- EIB financing will support Malta’s second electricity interconnector, strengthening Malta’s security of supply and enabling renewable integration.
- The subsea cable will connect Malta to Sicily, increasing interconnection capacity and supporting decarbonisation.
- The project is central to Malta’s energy strategy and its efforts to meet the EU’s 2030 climate and energy targets.

The European Investment Bank (EIB) is supporting Malta’s energy transition by enhancing the country’s electricity infrastructure, boosting security of supply, and facilitating the integration of renewable energy sources. To this end, EIB Vice-President Marek Mora and Malta’s Minister for Finance Clyde Caruana have announced today a €100 million financing agreement to support the development of Malta’s second electricity interconnector with Italy (IC2).
The project consists of the construction of a 122 km alternating current subsea electricity interconnector, operating at a nominal voltage of 220 kV and a frequency of 50 Hz, with a transmission capacity of 225 MW. The cable will connect the Enemalta terminal station in Maghtab, Malta, to Terna’s substation at Contrada Cimillà in Ragusa, Sicily. The operation also benefits from earlier EIB Advisory support during project preparation, including the assessment of its financial and economic viability, ensuring the project’s maturity, financing eligibility and compliance with relevant EU requirements.
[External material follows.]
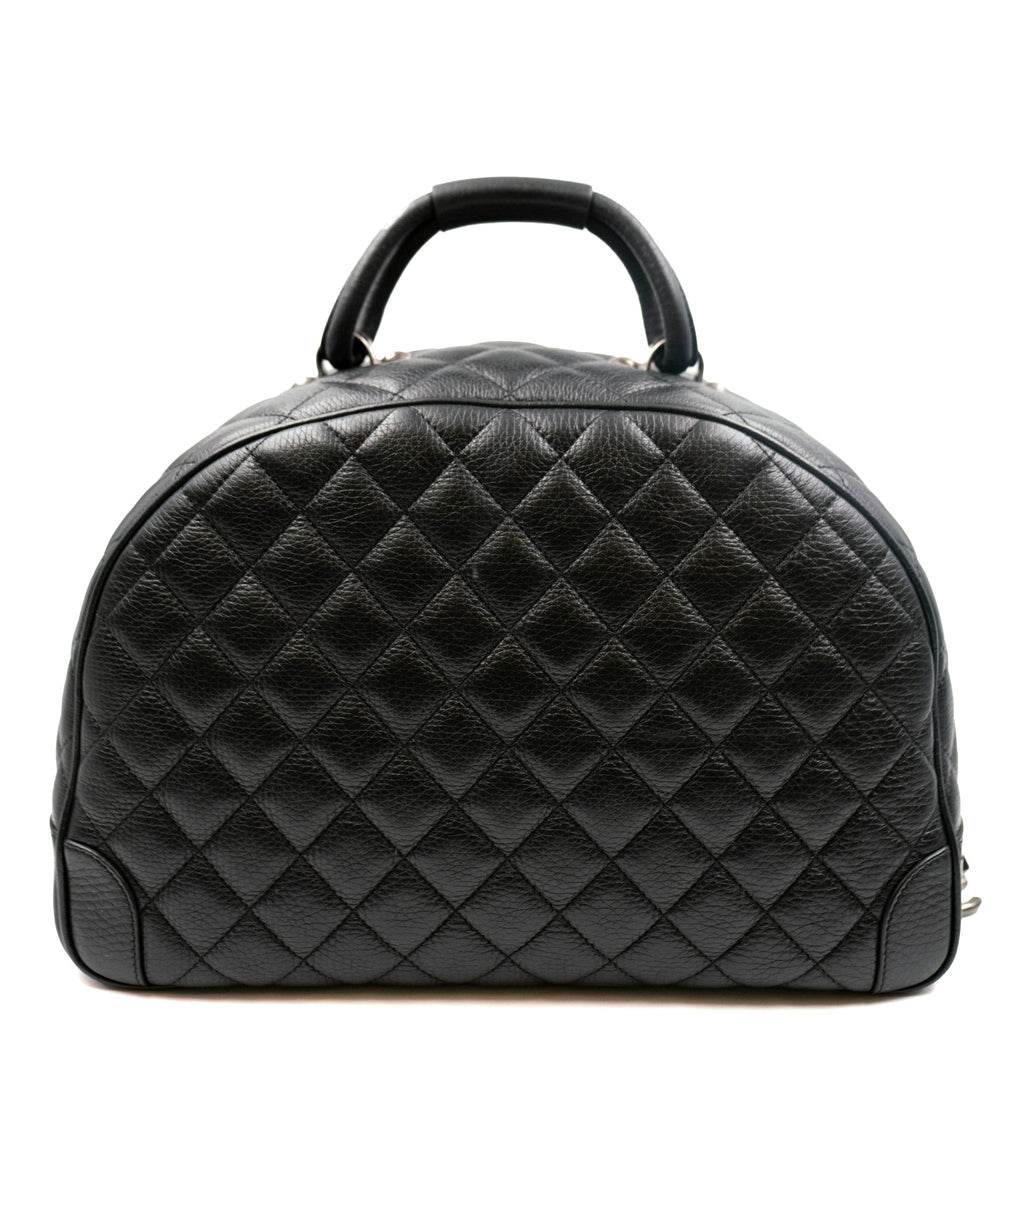 CHANEL Calfskin Quilted Large Airlines Round Trip Bowling Bag Black 536984

Minister for Finance Clyde Caruana stated: “The second interconnector is an important investment in Malta’s long-term economic stability. By strengthening our energy infrastructure, we reduce vulnerability to external shocks, improve supply security, and support stable energy prices for households and businesses.”
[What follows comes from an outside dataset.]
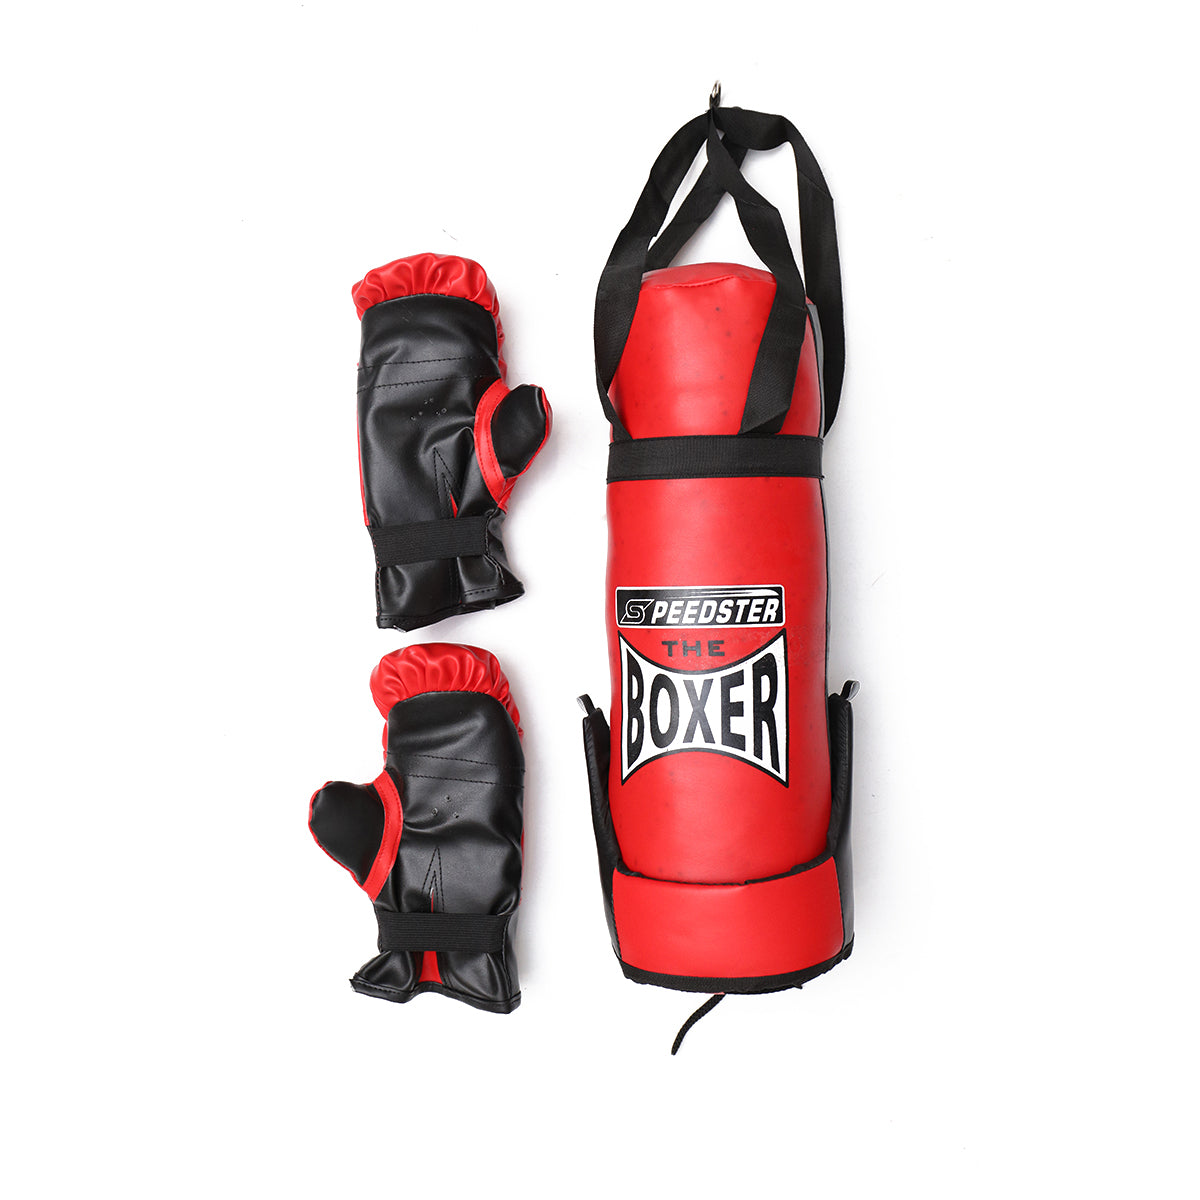 Speedster The Boxer: Boxing Combo Set (7681416495328)

Scheduled to enter into operation in the first quarter of 2027, the interconnector will increase electricity interconnection capacity between Malta and Italy, enabling electricity imports from the EU market, strengthening security of supply and grid stability, and supporting demand growth and the integration of renewable energy in line with Malta’s decarbonisation objectives.
EIB Vice-President Marek Mora stated: “Electricity interconnectors are essential to a secure, integrated and decarbonised European energy system. By backing Malta’s second interconnector with Italy, the EIB is strengthening energy security, facilitating cross-border electricity exchange and renewable integration, while ensuring that growing demand can be met in a reliable and sustainable manner. This project reflects the EIB’s key role in supporting strategic energy infrastructure across Europe.”
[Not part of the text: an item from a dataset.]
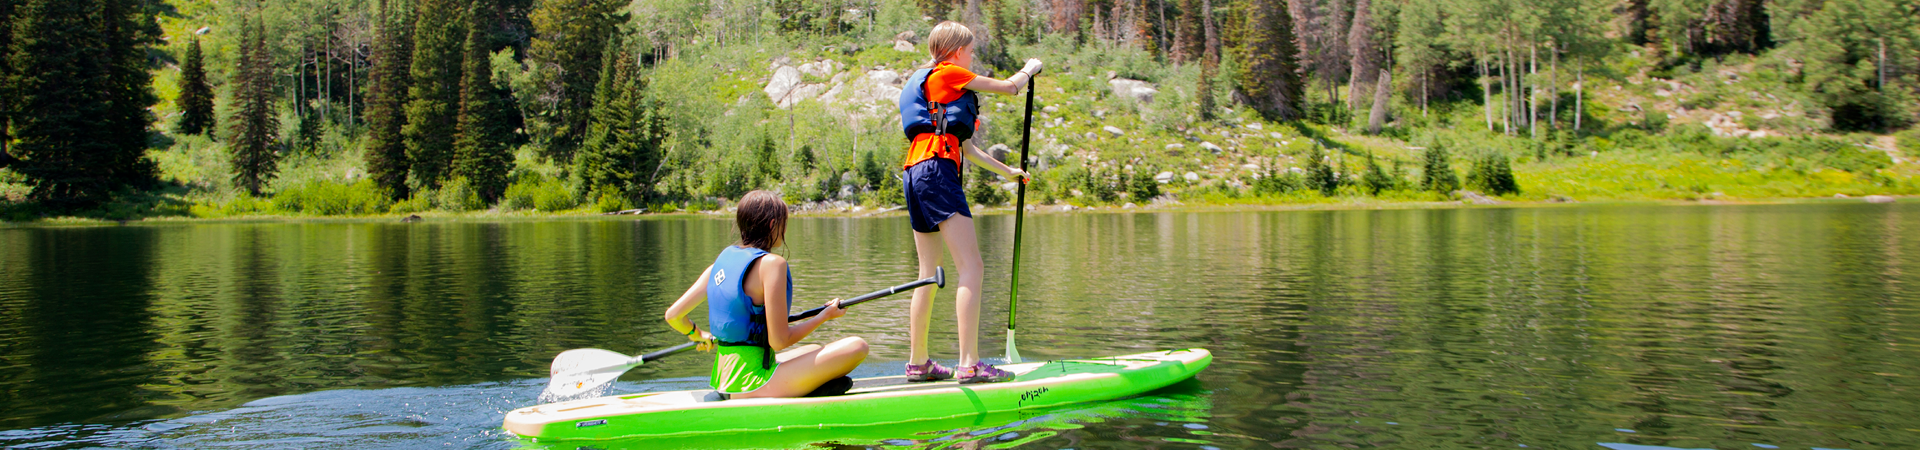 Two Girl Scouts on a paddle board in a lake

The total project cost is estimated at 296.68 million euros, financed by EU funds under the European Regional Development Fund with 165.78 million euros, alongside the EIB loan and the Republic of Malta’s own resources. The EU Bank also provided advisory support through JASPERS, a joint initiative of the EIB and the European Commission, offering guidance on project design, procurement and implementation to ensure a robust technical framework and smooth delivery of this strategic infrastructure.
The Government of Malta will retain ownership of the assets. Interconnect Malta, a 100% government-owned company, is responsible for issuing tenders, implementing the project, and operating the assets under a public service obligation. The full interconnector capacity will be made available to Enemalta, Malta’s electricity distribution system operator, under a capacity agreement, with an annual tariff charged for its use.
The EIB in Malta
The European Investment Bank (EIB) has been supporting the Maltese economy since before the country’s accession to the European Union, with its first project signed in 1979 to help expand the commercial port of Valletta Grand Harbour. Since then, the EIB Group's financing in Malta has exceeded €1 billion, aiding vital sectors such as SME access to finance, urban regeneration, climate action, and telecommunications. The EIB has also supported landmark infrastructure projects that have transformed the heart of Valletta, including the Parliament building and the open-air theatre at the City Gate. As the EU’s long-term lending institution, the EIB remains committed to promoting sustainable investment and fostering economic resilience in Malta and across Europe.
Background information
The European Investment Bank (EIB) Group is the financing arm of the European Union, owned by the 27 Member States, and one of the largest multilateral development banks in the world. In 2025, the EIB Group signed €100 billion in new financing and advisory services for over 870 high-impact projects under eight core priorities that support EU policy objectives: climate action and the environment, digitalisation and technological innovation, security and defence, territorial cohesion, agriculture and the bioeconomy, social infrastructure, strong global partnerships and the savings and investments union. Beyond long-term loans for large infrastructure, the EIB Group crowds in private investment for high-risk innovative projects and businesses, with a growing role in Europe’s markets for venture debt, venture capital, guarantees and securitisations.